In the most recent report by the International Data Corporation called the “Worldwide Quarterly Mobile Phone Tracker,” which provides information on sales and volume of mobile phones sold around the world (including smartphones like the iPhone and Samsung Galaxy), the mobile phone market grew by 1 percent year-over-year during the second quarter of 2012, and virtually every company in the market saw gains, with Apple and Samsung still leading the way – more than doubling their market share in 2012 compared to a year earlier.
However, there may be some concern over at Apple, where its China sales overall of $5.7 billion in the second quarter of 2012 was 48 percent higher than in the same quarter of 2011 – but was 28 percent lower than the first quarter of 2012 ($7.9 billion).

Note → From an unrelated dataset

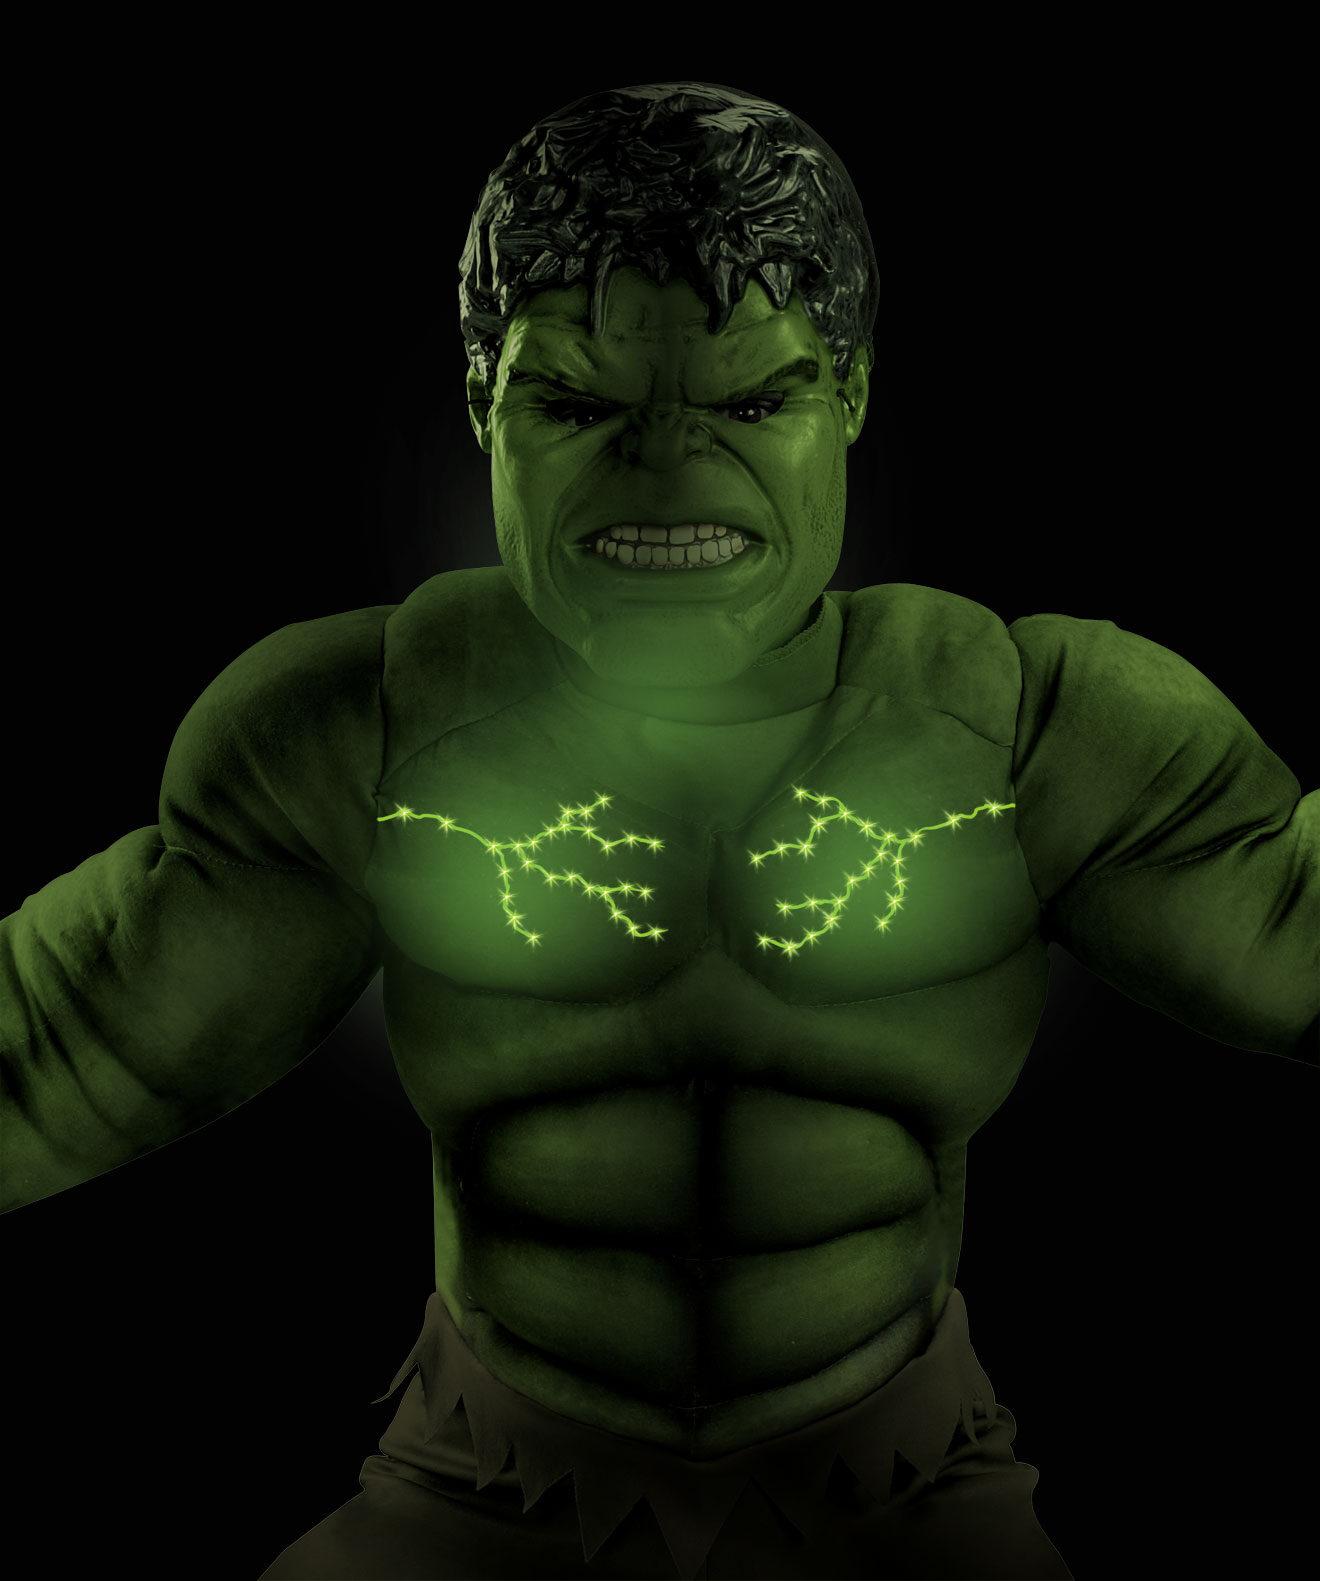 Boys Hulk Light Up Muscle Chest Avengers Kids Costume & Boys Hulk Light Up Muscle Chest Avengers Kids Costume - Mr. Costumes

This is noteworthy, since China’s growth rate is at about 8-9 percent every ear, yet the revenue number is down. Overall, Apple’s phone sales were down 26 percent overall from the prior quarter, though IDC analysts see that as a normal pattern for Apple – it introduces a new iPhone version just about every year, and sales boom for two quarters upon the launch, then wane in preparation of the newest version.
Is this just another pre-launch iPhone lag, or can the results in China portend some danger? After all, Apple is dealing with some regulatory issues in the country now, which may affect its image and may taint the iPhone 5 launch later this year. Only the results of the i5 launch can tell us for sure whether Apple is truly losing market share in China or elsewhere.
Samsung is still the leader among smartphones, but Apple is a close second and is the only true competitor left in the market. Nokia Corporation (NYSE:NOK) has lagged behind, the last quarter posting low numbers not seen since 2005, according to the IDC report.